Gian Maria Sainato, crazy about scripts and caretaker with passion: Voice 5-
He works “with his hair”, he was once vain and “only stayed in five-star hotels”. Today he is also content with those who have four because he has “learned humility.” For some reason, the reality show’s writers identified in this man, Gian Maria Sainato, a character to love at all costs. When he opens his mouth, Daddy and Blasi roar with laughter. A laugh that reverberates even more amidst the general arctic frost. It’s a complete turnaround
The five finalists, ranging from wonderful to highly predictable: Voice 6
There were more eliminations than eliminations in this edition of Isola dei Famosi. And it was also among the least seen of all.
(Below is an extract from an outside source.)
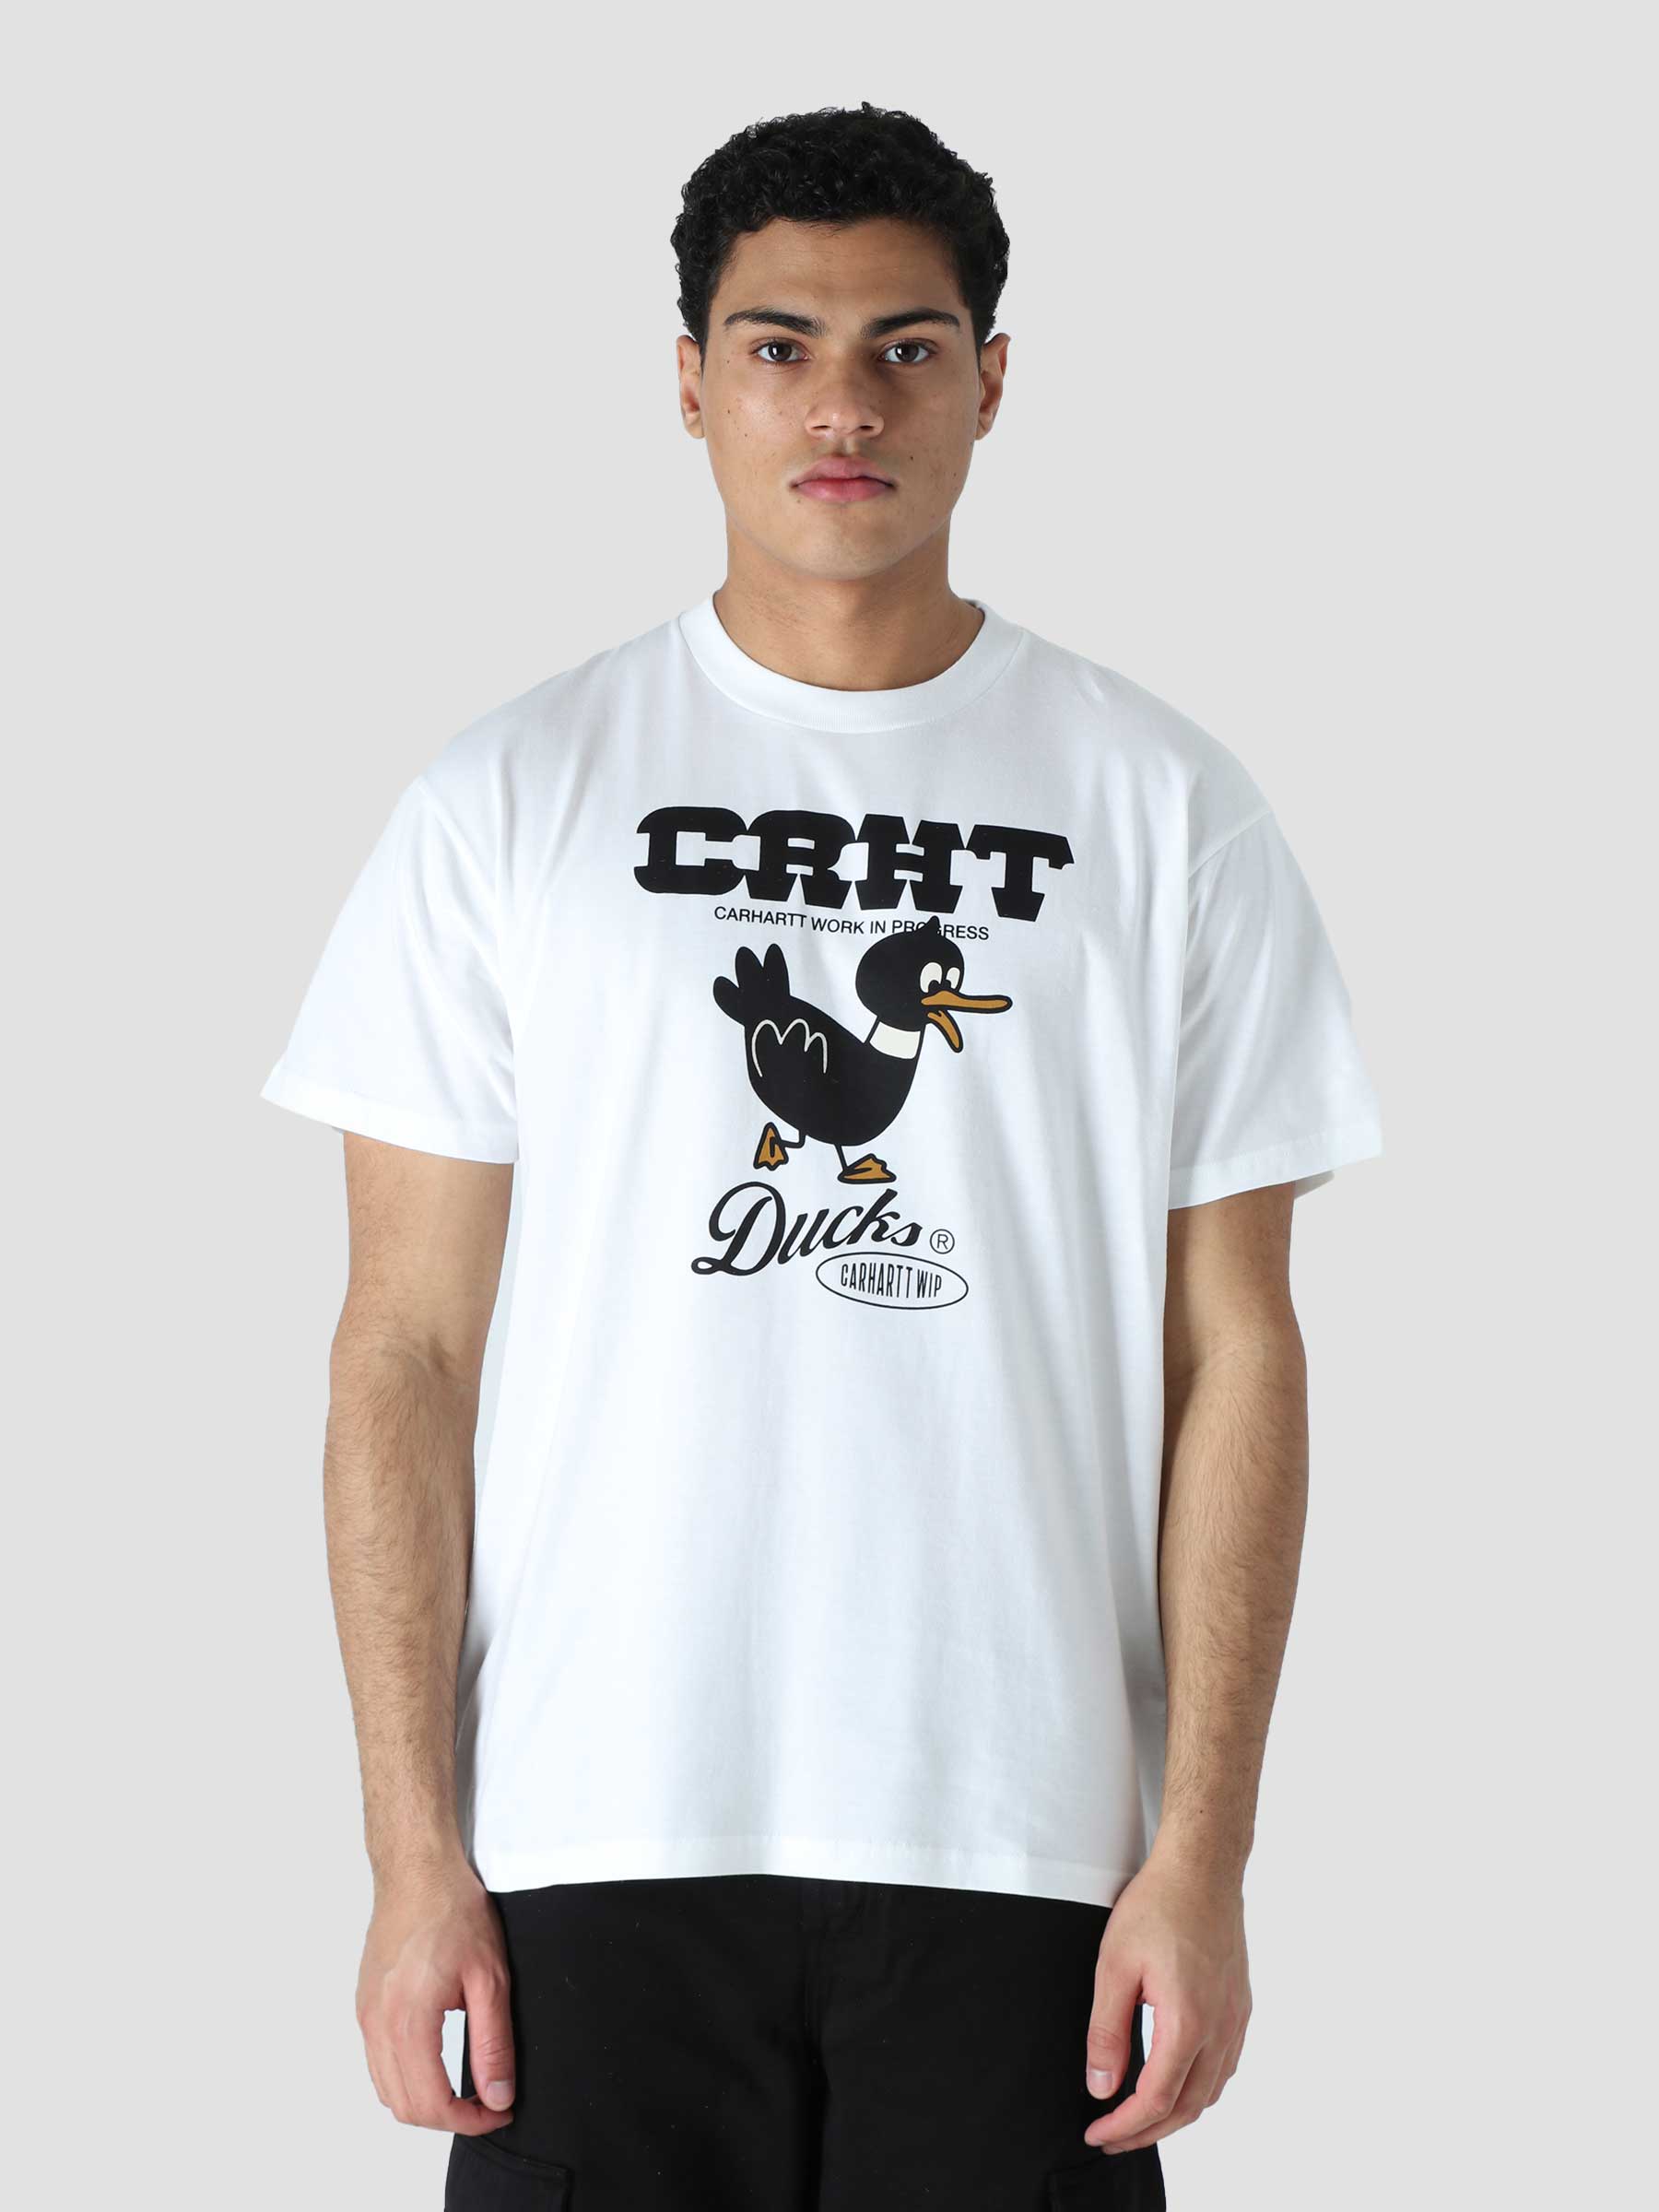 S/S Crht Ducks T-Shirt White I030207-02XX

Until the final episode, Marco Mazzoli (what a surprise!), Cristina Scuccia (ditto!), Pamela Camassa (at least one who deserved it without outside help) and Andrea Lo trudge, crawling in the mud on their stomachs and with general Indifference to the last episode of Cicero (in Honduras they call him “Lucifer”) and Luca Vetrone (the NIP that no one felt the need for). Unfortunately it’s not interesting. The castaways believe she’s been eliminated, but she looms unseen on the shore of the last beach and that’s why Alessandra Drusian is still in play, 50% of the Jalisse, perhaps too good-natured for this hellish group of brawls and verbal fisticuffs and very tense nerves that make up the “island”. Undeservedly from the “Fab 6” Nathaly Caldonazzo, who enlivened every second of his fiery stay through the Art of War, and Helena Prestes, who did the same. Whoever wins will be crowned the winner of an edition no one will remember more than Tuesday 20th June. Appointment on Monday 19th with the finale (in direct competition with the GialappaShow on Tv8. Feel free to be on the side of history that suits you best. But whoever changes the channel will be shipwrecked between the chariots suffer).